On April 30, 1971, my wife’s birthday, I received my first death threat from Meir Kahane’s followers. That morning we found an envelope under our door. Eileen opened it to find a threatening note with the letters cut out from magazines and pasted on plain white paper. It read: “Arab dog you will die if you set foot on campus again.” A few days later, a group of Kahanists attacked the classroom where I was teaching a course in Introduction to Religion. They were driven away by a group a Black students, but continued their threats and harassment for months thereafter.

In the years that followed, I would become more familiar with Kahane, a Brooklyn-born rabbi who preached a virulently racist, violent ideology, and his adherents in the Jewish Defence League. They would firebomb my office, murder my friend and colleague Alex Odeh, and injure hundreds more, in a decades-long campaign of violence targeting Arab Americans, Palestinians and Jews who disagreed with them. On one occasion, Kahane himself led a group of his followers to my office, pounding on my door and chanting that he knew who I was, where he could find and take care of me.

In the late 1980s, Kach, the political party Kahane founded in Israel, was barred because of its extreme racism and incitement to violence. A few years later, a former JDL and Kach member also from Brooklyn, Baruch Goldstein, massacred 29 Palestinians as they prayed in the historic Ibrahimi Mosque in Hebron in the occupied West Bank. Another follower assassinated then-prime minister Yitzhak Rabin. This resulted in the two groups being declared terrorist organisations by the US and Israel.

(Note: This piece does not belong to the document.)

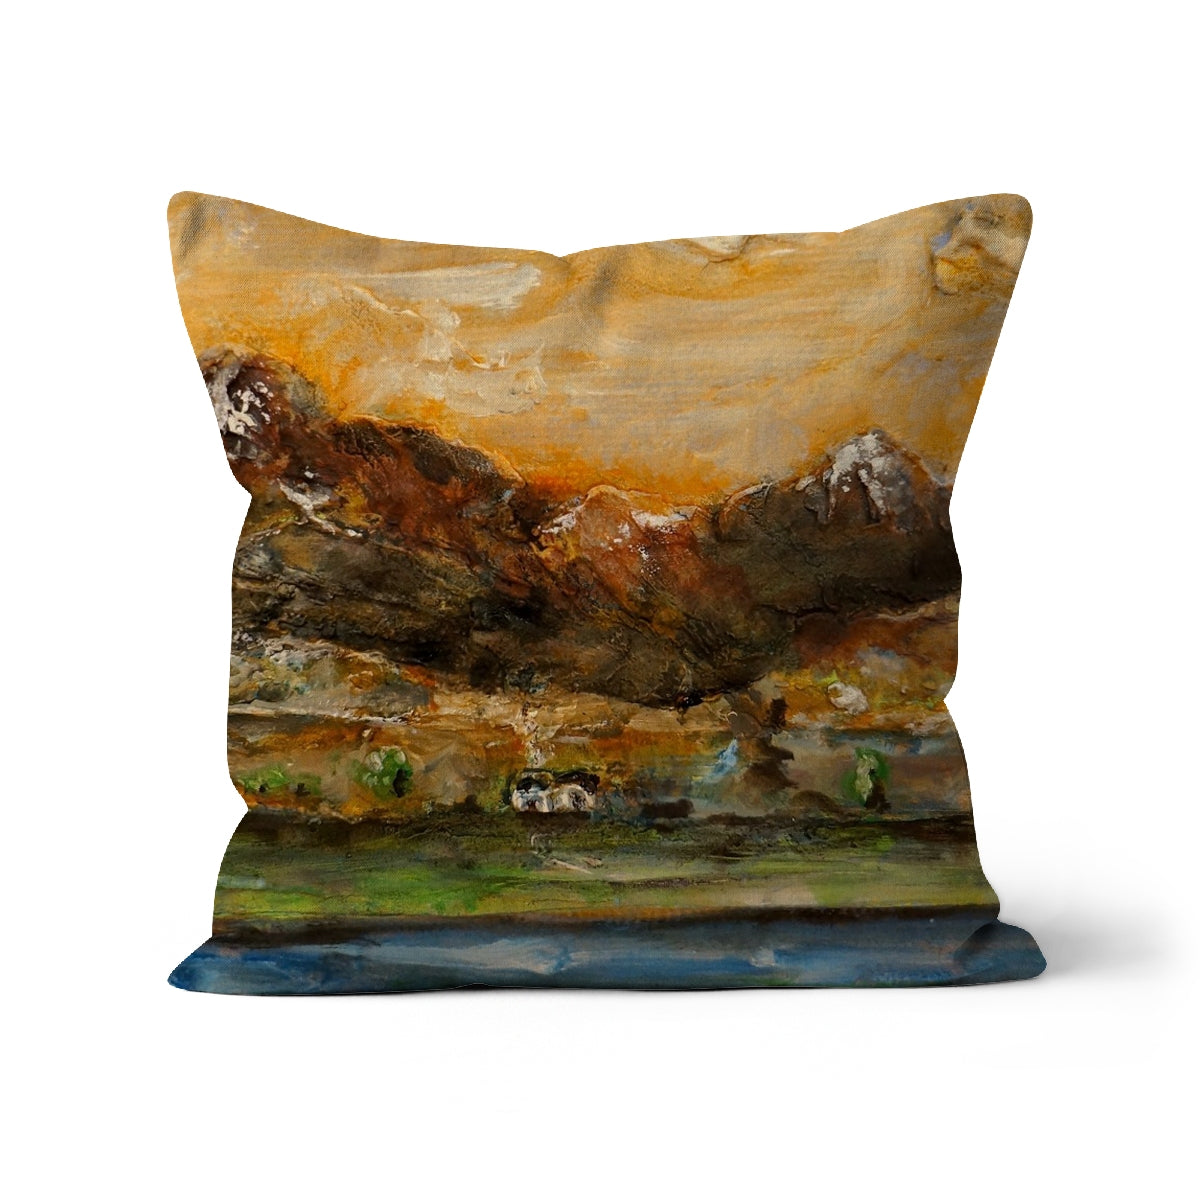 A Glencoe Cottage Art Gifts Cushion-Cushions-Glencoe Art Gallery-Linen-16"x16"-Paintings, Prints, Homeware, Art Gifts From Scotland By Scottish Artist Kevin Hunter

Not long ago, Kahanists were pariahs on the margins of Israeli society. Now they will be in the Knesset and possibly in the government. What’s shocking is that this fact has barely been noticed by Israel’s supporters in the US or by the US government. 

To understand just how virulently racist Netanyahu’s ally Ben-Gvir is, just look at his record. He’s a lawyer who represents right-wing Jews charged with violent crimes against Palestinians and liberal Jews. He joined Kach in the 1980s and quickly became a devoted student of Kahane and his racist ideas. Those ideas were spelled out in a set of proposed laws Kahane introduced to the Knesset after he won a seat in 1984. One of the laws stipulated, “Non-Jews will be obliged to assume duties, taxes and slavery. If he does not agree to slavery and taxes, he will be forcibly deported.” Another declared, “A non-Jew will not live within the jurisdiction of the city of Jerusalem.” He also called for strict separation between Jews and Palestinians, with draconian penalties including 50 years imprisonment for gentiles who have sexual relations with Jews.

Just a few weeks ago, Ben-Gvir spoke of Kahane as his “hero” and called for the expulsion of “disloyal” Palestinian citizens of Israel. He has been indicted for incitement more than 50 times and was convicted of supporting a terrorist organisation in 2007. He is also called Baruch Goldstein, whose framed photo hangs in his office, a “hero”. This is who Netanyahu and his Likud Party are doing business with and legitimising.

To some, it may seem like threats by Ben-Gvir and other Kahanists to expel Palestinians are nothing more than sick fantasies. But he is now in the Knesset and has been promised a role in a Netanyahu government. This should set off screaming alarm bells and red flags for Israel’s supporters in the US and a wakeup call to the Biden administration and to all Americans. 

It is unacceptable to remain silent and pledge continued aid and diplomatic support in the face of this dangerous Israeli drift toward extremism. To do so makes us complicit because, while we rightly object to terrorist groups being in other countries’ governments, we have so far been silent about this one.